Core tip: This is a case of a 42-year-old man who presented with a grand mal seizure, malabsorption-derived electrolytes and a protein disorder caused by primary intestinal lymphangiectasia. After an extensive management and exclusion of secondary intestinal lymphangiectasia, a diagnosis was suspected because of the clinical manifestations, laboratory tests, imaging and endoscopic findings. Although numerous therapeutic strategies are available, only octreotide therapy proved to be a potentially effective means of therapeutic resolution; however, a longer follow-up period is needed. More case reports and/or studies on similar cases are needed to determine the best possible treatment strategies for this rare disorder.

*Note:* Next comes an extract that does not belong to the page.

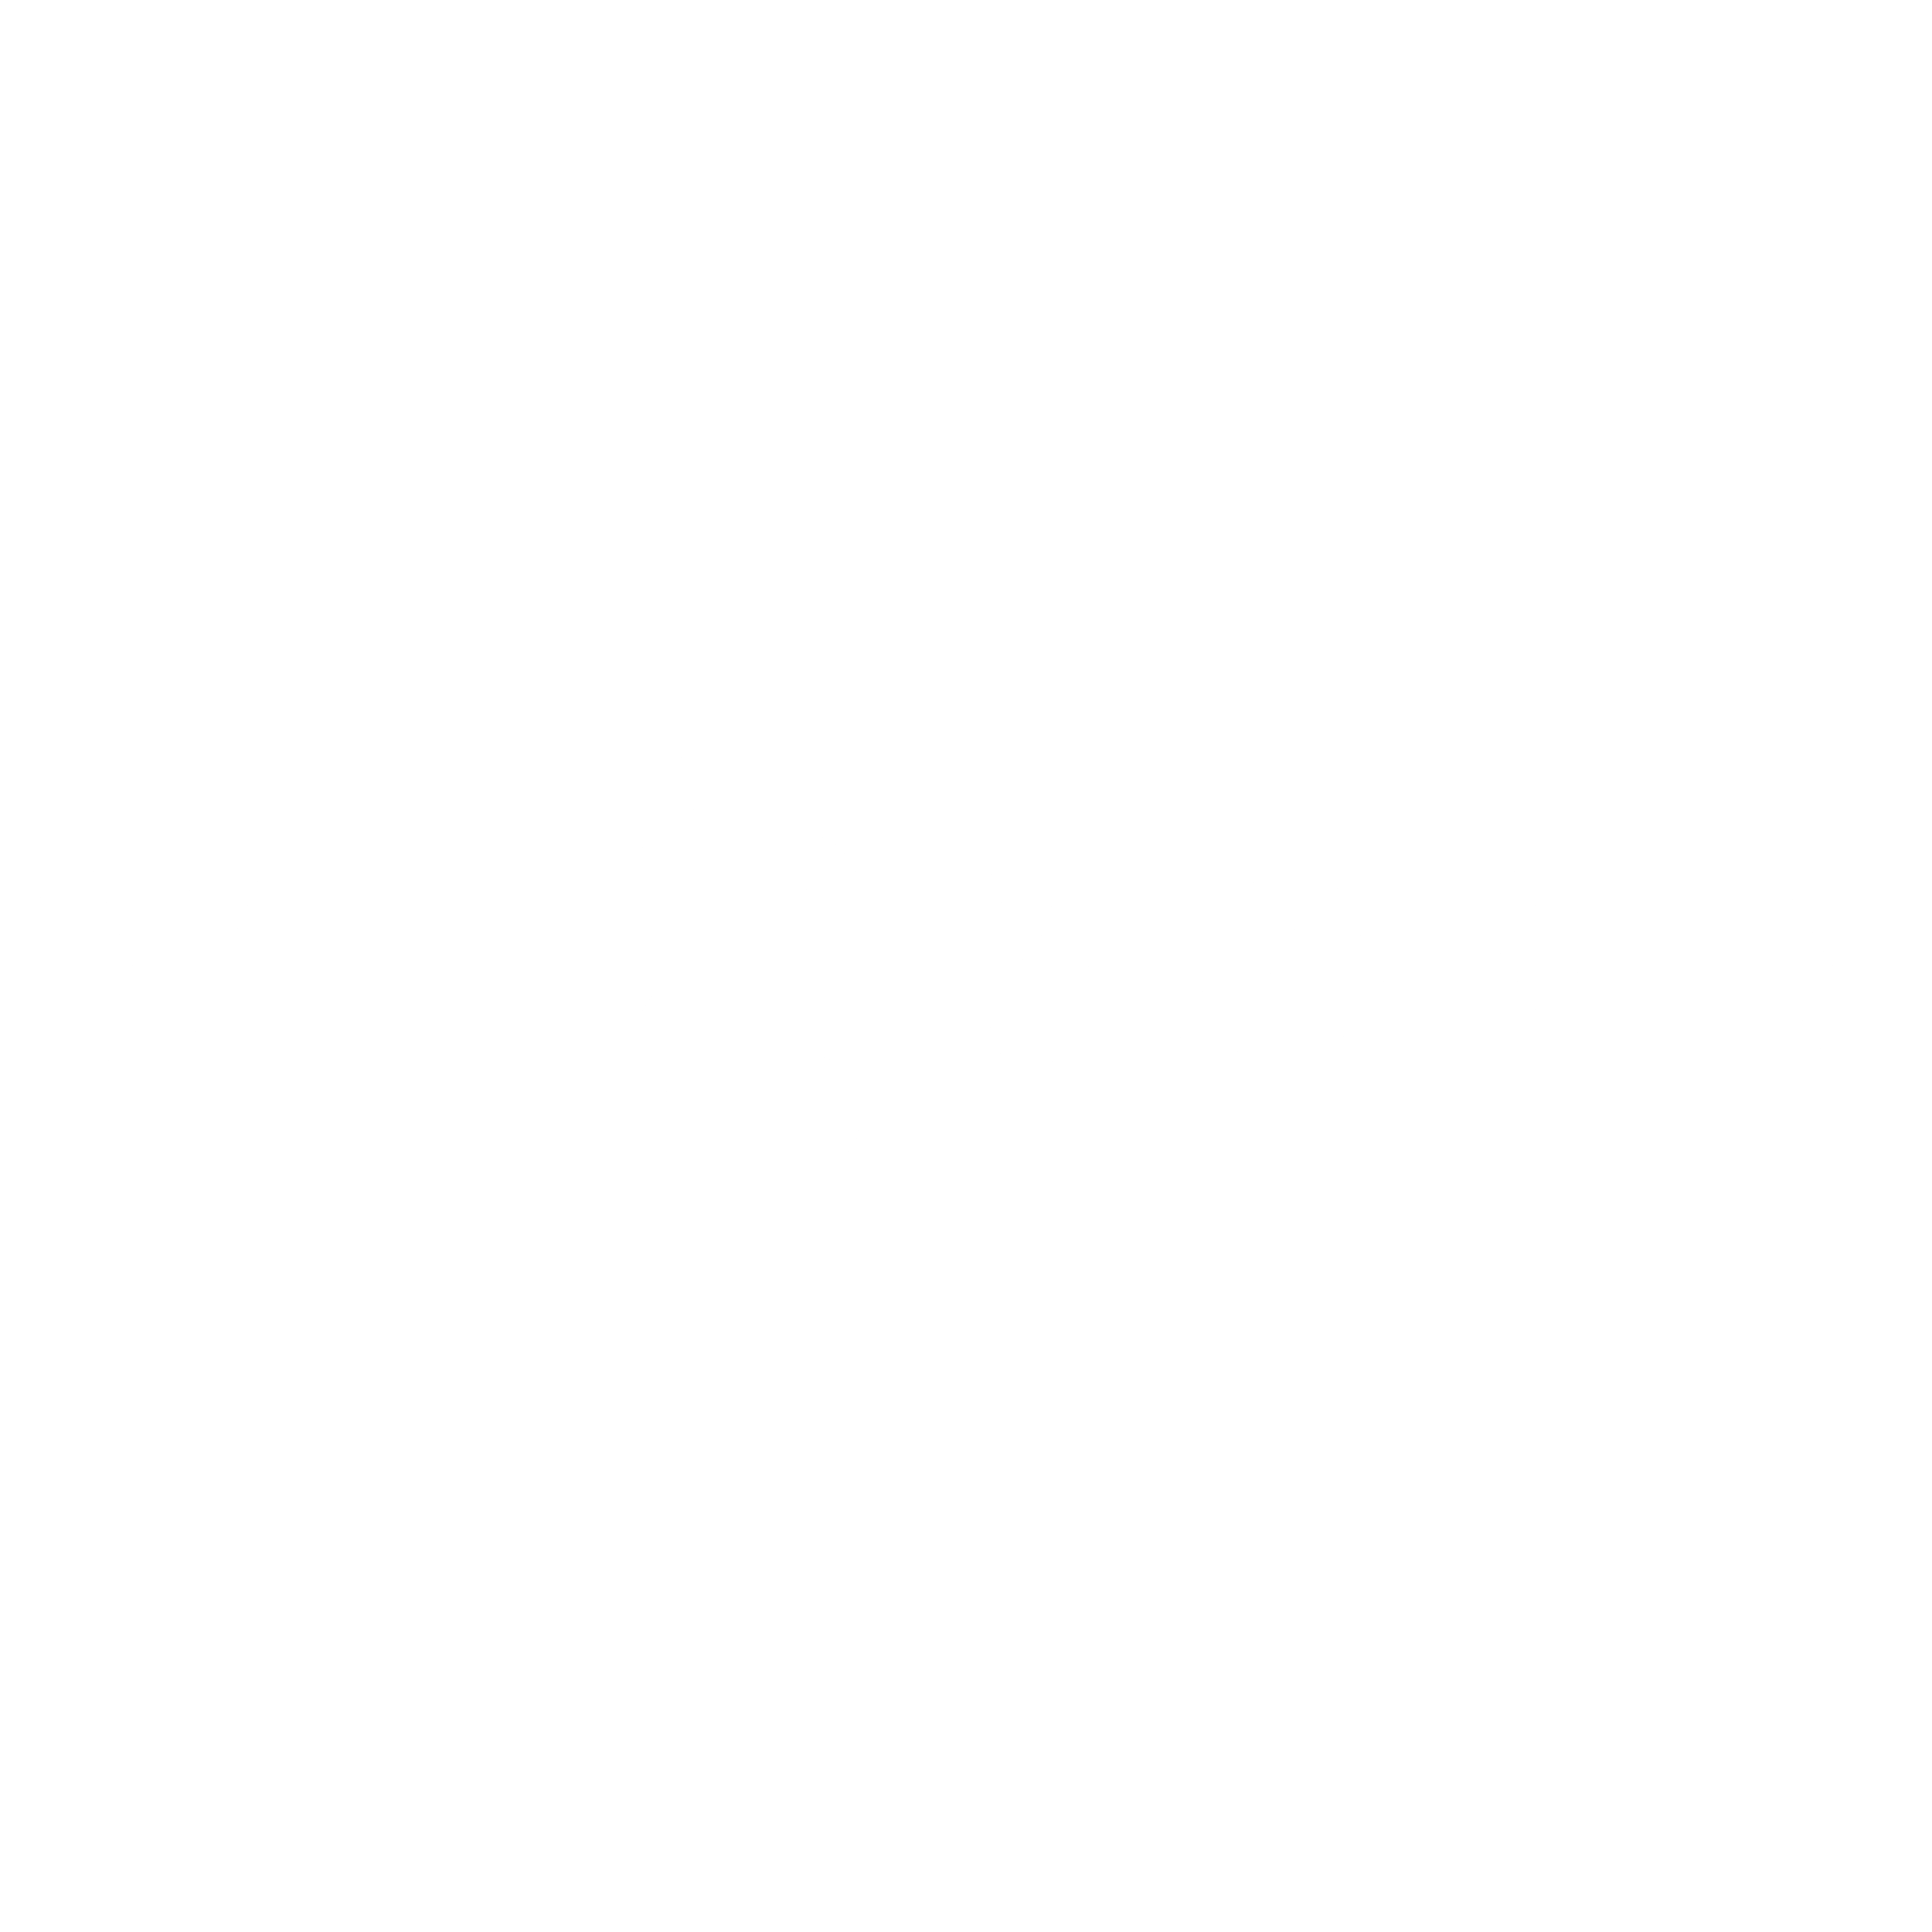 Viessmann Logo - Viessmann Logo PNG Transparent & SVG Vector - Freebie Supply
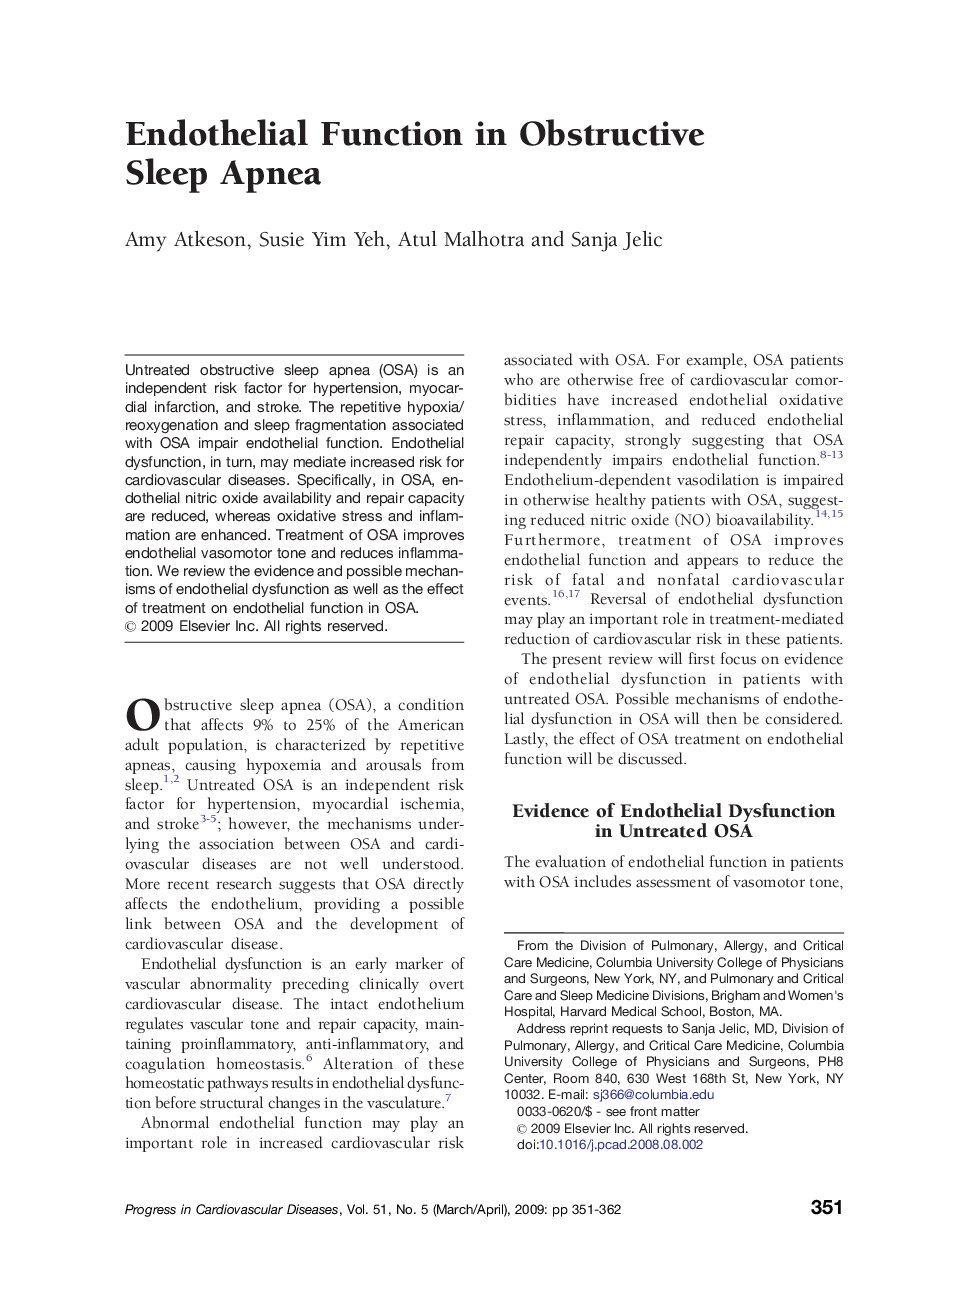 Endothelial Function in Obstructive Sleep Apnea

- Citation: Troskot R, Jurčić D, Bilić A, Gomerčić Palčić M, Težak S, Brajković I. How to treat an extensive form of primary intestinal lymphangiectasia? World J Gastroenterol 2015; 21(23): 7320-7325
- URL: https://www.wjgnet.com/1007-9327/full/v21/i23/7320.htm
- DOI: https://dx.doi.org/10.3748/wjg.v21.i23.7320
Defined in 1961, primary intestinal lymphangiectasia (PIL) is a rare, undiagnosed, clinical entity. It has a diverse clinical presentation, diagnostic and treatment management, which may result in various outcomes. The present recommendations are derived from no more than 200 cases; there are an insufficient numbers of cases to make concrete statements and create diagnostic algorithms, which are much needed. PIL, or Waldman disease, is a disorder with an unknown underlying etiology; its histopathological findings are characterized by dilated and tortuous lymphatics in the small bowel mucosa and submucosa, resulting in protein-losing enteropathy and its sequela. Although mostly affects children, it is not exclusively a childhood disease. Intermittent diarrhea and edema, accompanied by other signs of malnutrition and hypoalbuminemia, are the most common symptoms of PIL. The principles of treatment are similar to the treatment of other forms of protein-losing enteropathy, with no exact recommendations on dosage and duration of therapy. We present a case report based on our experience in PIL treatment; we also present both past and present challenges and concerns regarding this rare disease.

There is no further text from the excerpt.